En encochant une flèche maudite sur son arc courbé, Shio fut prise de vertige par un choc abject.

La brume gagna alors en densité et prit une forme humaine.

Devant elles se tenait un homme grand et élancé, au visage très sombre. Il portait un manteau bien taillé à l’ancienne et ses cheveux étaient si noirs qu’ils semblaient tissés de la nuit elle-même. Son visage était jeune et raffiné, mais la dignité tranquille qui émanait de tout son corps laissait transparaître une force implicite et incommensurable. Même de loin, elles pouvaient clairement sentir qu’il s’agissait d’un être surnaturel incompatible avec l’humanité.

C’était un vampire de la Vieille Garde qui avait vécu de nombreuses années. C’était également un être extrêmement dangereux, comparable à un Primogéniteur.

« Vous êtes bien les mages d’attaque de l’Agence du Roi Lion ? »

L’homme parla d’un ton froid, regardant avec indifférence Yuiri et Shio qui se tenaient sur leurs gardes.

Yuiri resta silencieuse, les épaules tremblantes. La peur l’empêchait d’élever la voix. Yuiri, une chamane-épéiste de l’Agence du Roi Lion, était submergée par la présence de l’homme. Il en allait sûrement de même pour Shio.

L’homme aux cheveux noirs ne semblait ni grossier ni violent. Au contraire, il avait des manières calmes et intellectuelles. Pourtant, Yuiri ressentait de la peur, car qui pourrait rester calme face à une calamité ambulante ?

« Je vous ordonne de me remettre le Dragon des Marais. »

En prononçant ces mots, il désigna la jeune fille aux cheveux d’acier du regard, ce qui fit se figer Glenda de peur.

Yuiri s’interposa pour protéger Glenda, pointant son épée argentée vers l’homme. « Qui êtes-vous ? Et que voulez-vous à Glenda ? » demanda-t-elle en fixant l’homme aux cheveux noirs.

Étonnamment, l’expression de l’homme ne changea pas. La méfiance flagrante de Yuiri n’avait aucun effet sur lui; il regarda les filles d’un air impassible tout en répondant :

« Je m’appelle Velesh Aradahl. Je suis issu de la lignée du Premier Primogéniteur, le Seigneur de guerre perdu. »

« Velesh… Aradahl… ?

« Son Excellence, le duc de Severin ?! »

Yuiri et Shio parlèrent à voix basse, bouche bée. Le duc de Severin de l’Empire du Seigneur de Guerre… Bien sûr qu’elles connaissaient son nom.

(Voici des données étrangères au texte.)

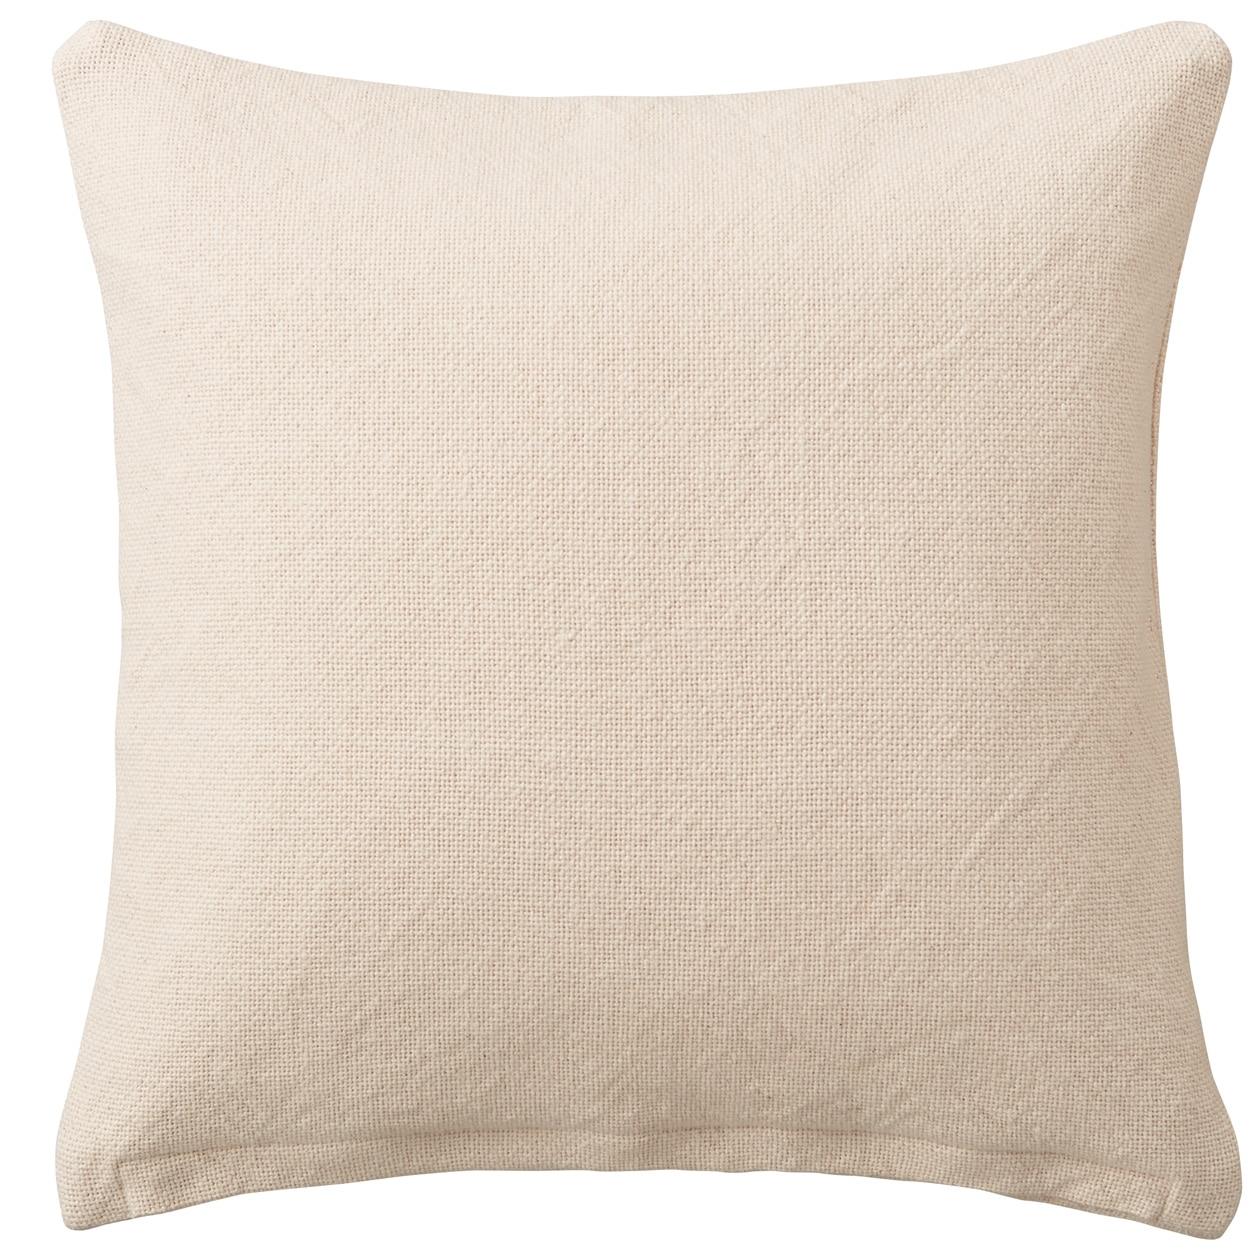 インド綿太番手平織クッションカバー/生成

Après tout, il était le président de l’assemblée impériale de l’Empire du Seigneur de guerre — le vampire considéré comme le deuxième homme le plus puissant de l’Empire, juste après le Primogéniteur lui-même. Il était un acteur majeur tant dans le monde de la politique que dans celui de la finance, avec une influence à l’échelle mondiale.

***

Partie 4

Il était également réputé pour ses exploits incroyables sur les champs de bataille d’autrefois. On disait même que Dimitrie Vattler lui témoignait le respect qui lui était dû. Un vampire aussi légendaire se tenait devant Yuiri et Shio à cet instant précis.

« L’Organisation du Traité de la Terre Sainte a déterminé que le Dragon des Marais représentait une grave menace. » Sans se soucier de la perplexité du duo, Aradahl exposa son point de vue de manière unilatérale. « Je vais donc aller la chercher. Votre coopération serait grandement appréciée. »

« L’Organisation du Traité des Terres Sacrées a déclaré le Dragon des Marais comme une menace ? »

La voix de Shio tremblait en répétant ces mots. L’Organisation du Traité de la Terre Sainte était une agence internationale administrée par les nations alliées du Traité de la Terre Sainte, dont faisaient partie les Dominions. Elle détenait le droit de prendre des contre-mesures contre les menaces magiques graves et disposait d’une force militaire à cette fin.

Toutefois, l’Organisation du Traité de la Terre Sainte ne s’occupait que des crimes magiques à grande échelle sur le plan international. Elle ne pouvait pas croire sans réfléchir que l’existence de Glenda représentait un tel risque.

« Si vous partez avec Glenda, que comptez-vous faire d’elle ? » demanda Yuiri.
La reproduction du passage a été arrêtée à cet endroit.